Opinion

Why urgent support is needed to address UK skills deficit

16 Dec 2020, 0:01



New incentives are needed for businesses to train their employees for a post-Covid world, writes Guglielmo Ventura

With the economy still in the grip of the Covid-19 pandemic, workers (especially the young) in low-paid occupations continue to bear the brunt of lower earnings and redundancy. The crisis has also accelerated trends which predated the pandemic: 61 per cent of jobs furloughed in the first part of the year are reportedly in occupations at highest risk of automation. Investment in workers’ skills has been hailed as both a safeguard against future labour market disruptions and as a way to shore up Britain’s relatively poor productivity. Recently, the government has increased its commitment to skills’ funding after many years of neglect. This is a welcome first step which should usher in a new public debate on how to reform the government’s skills policy.

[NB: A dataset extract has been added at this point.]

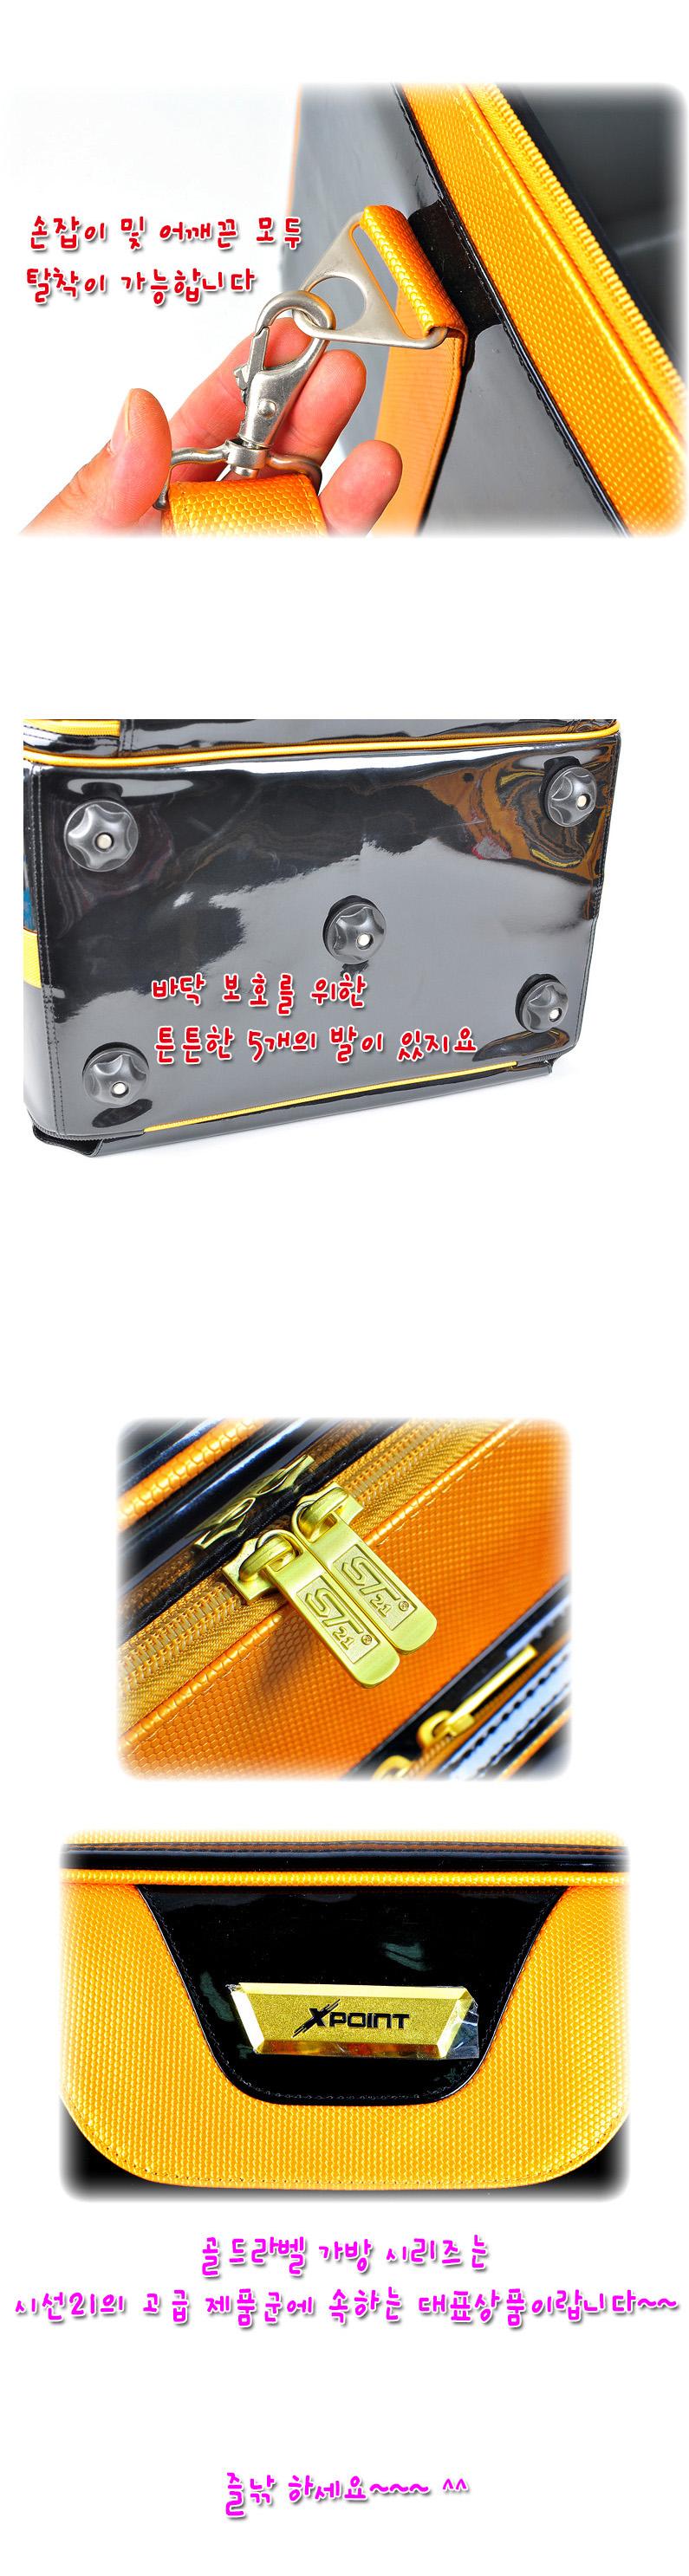 시선21 중층 보조가방(40L) - 상세6.jpg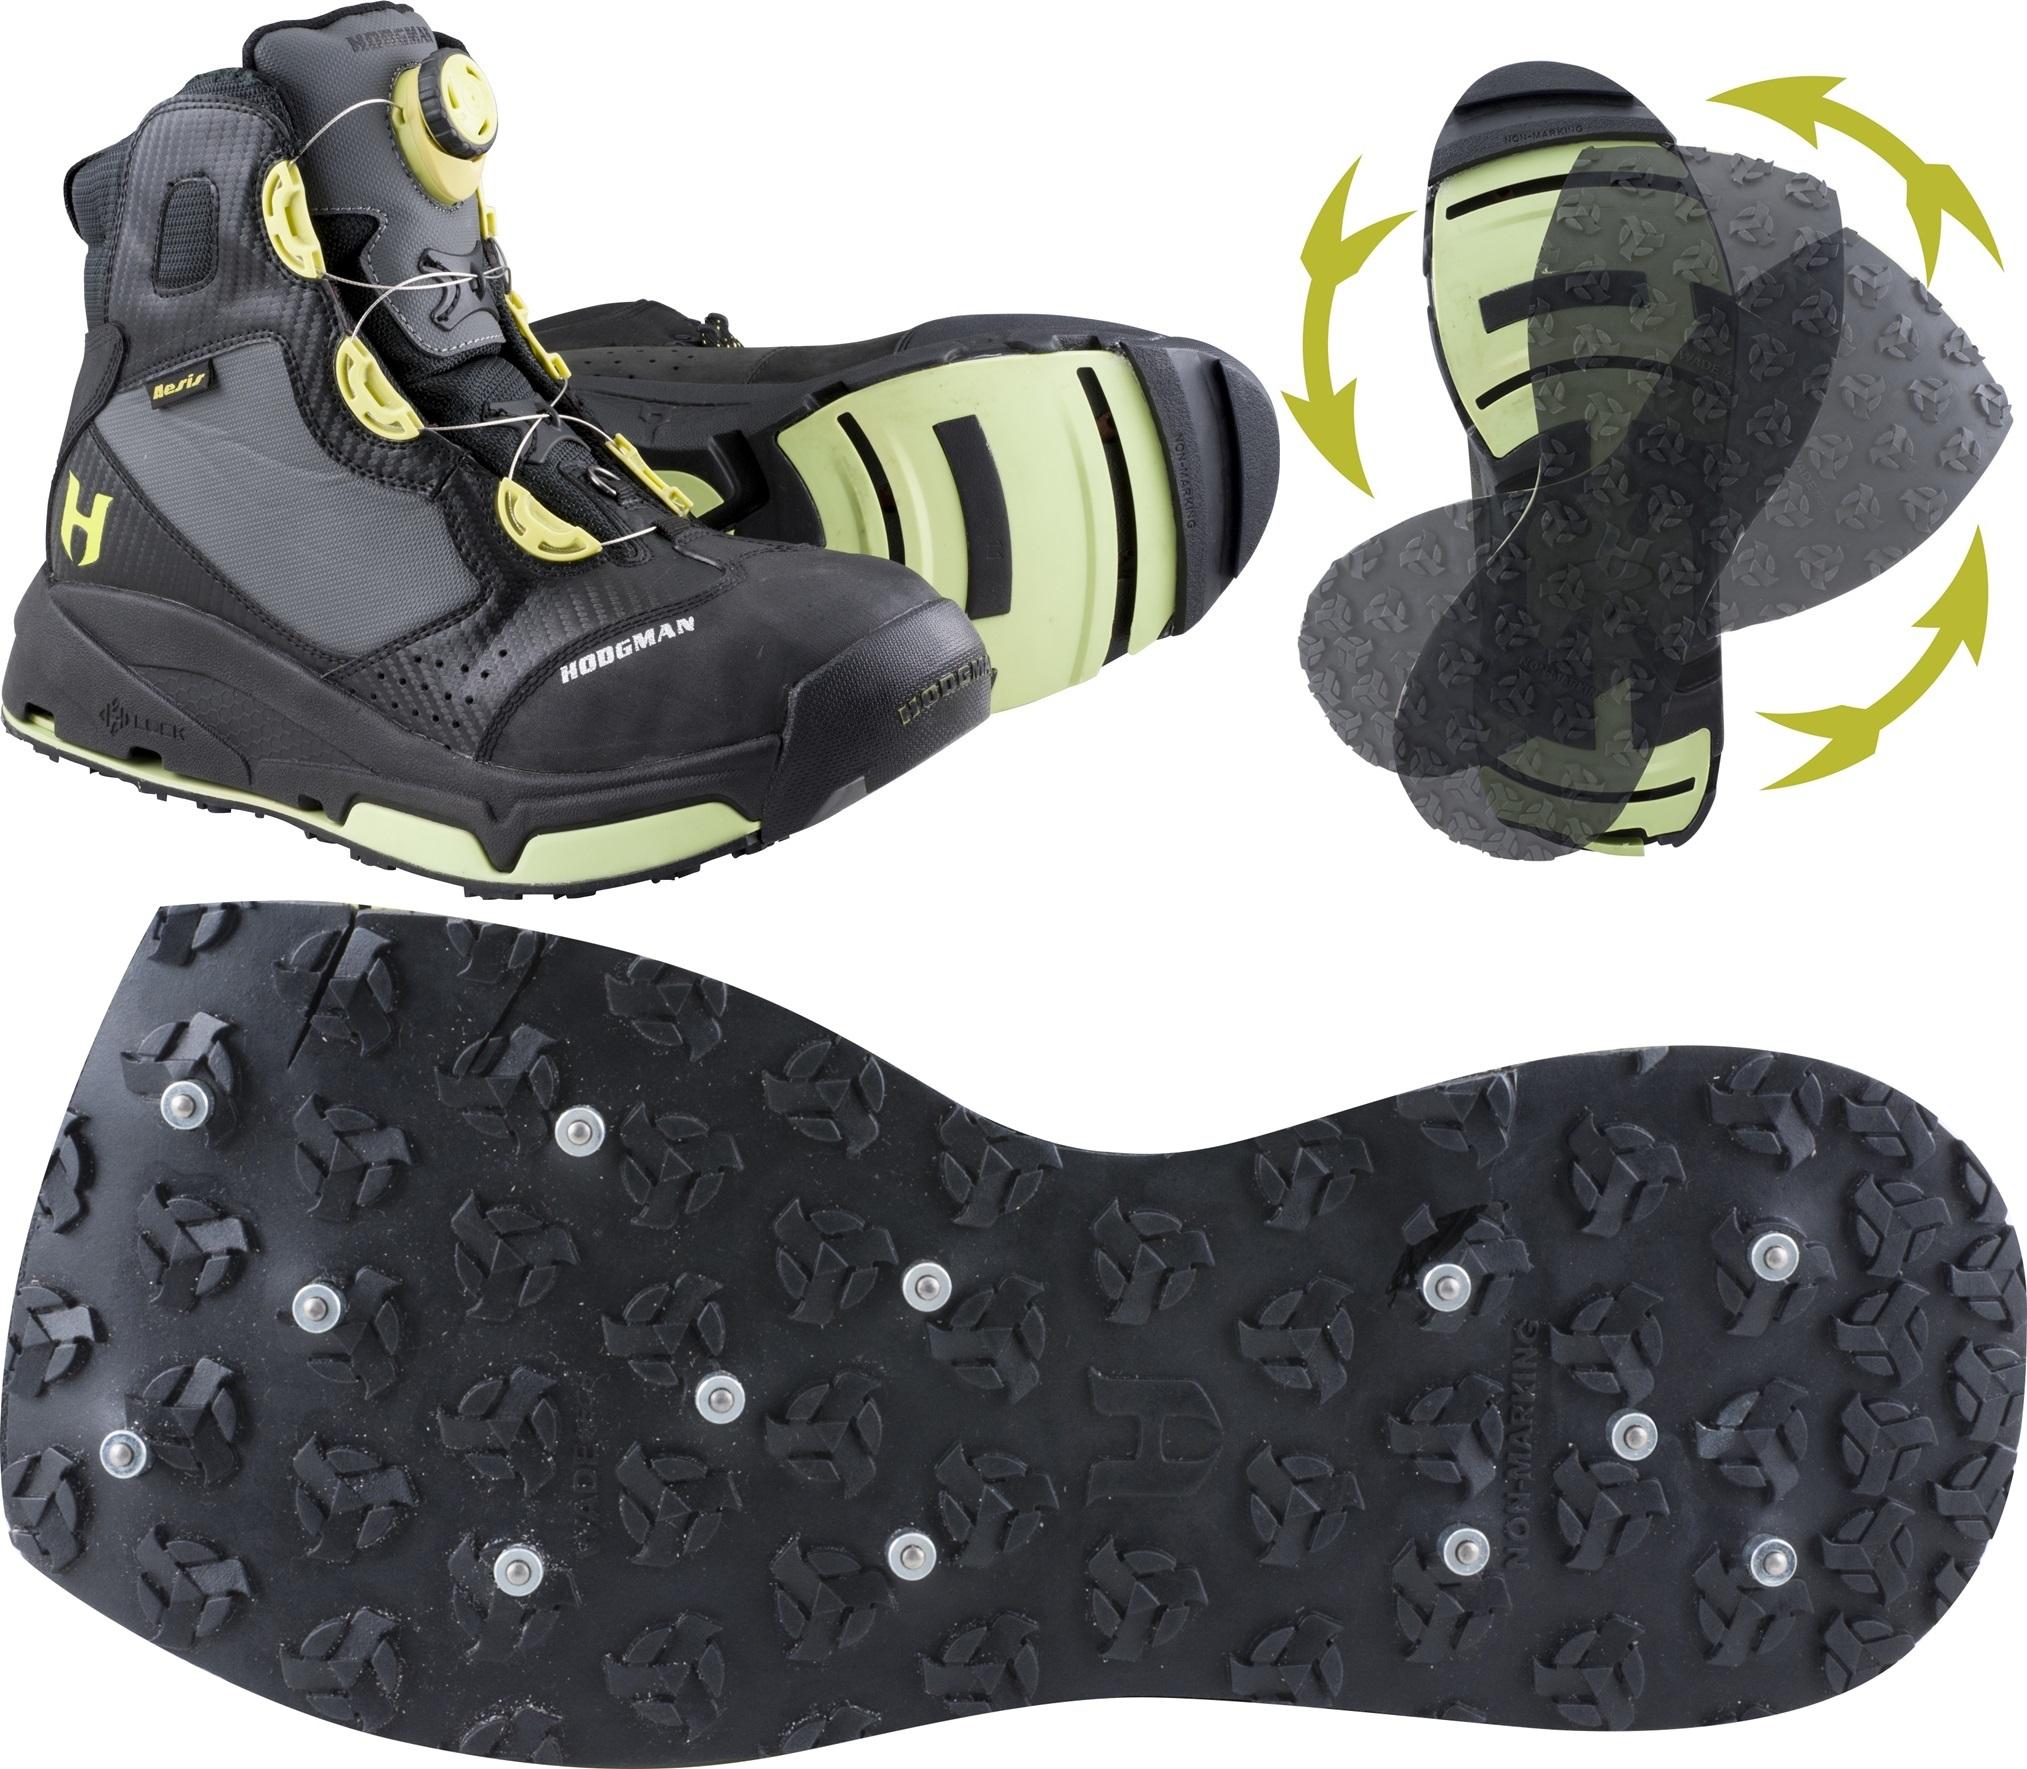 og de prisvinnende hodgman sko med utskiftbar såle, gummi med studs er favoritten på svabergene

In the Centre for Vocational Education Research (CVER) report published today we look at Britain’s training trends over the last decades. While, by international standards, training participation is relatively high in the country, there have been concerns around quality and ongoing skills gaps. There has also been a general decline in job-related training in the last 20 years: data from the Office for National Statistics’ Labour Force Survey reveals that the proportion of private-sector workers in job-related training fell from almost 12 per cent in 2001 to 10 per cent in 2019.  The drop has been particularly pronounced among younger and more educated workers who had always enjoyed far greater training participation: among degree holders the training rate declined from 20 per cent to 13 per cent. In contrast, low-skilled workers and workers with part-time or self-employed working arrangements have consistently received very low levels of training. Additionally, we find that training duration has been declining over the years.

Publicly-funded training programmes – notably apprenticeships – have grown in importance in England in recent decades. Relying on government administrative data (from the Individualised Learner Record) we examine trends in apprenticeship participation over the last two decades: thanks to a large increase in apprenticeship starts, the share of workers participating in apprenticeships has grown from about 0.8 per cent in 2003 to 1.7 per cent in 2017. But, since 2007, much of this growth can be accounted for by the expansion of adult apprenticeships; and the expansion in apprenticeship numbers has been associated with a sharp drop in their duration since 2003.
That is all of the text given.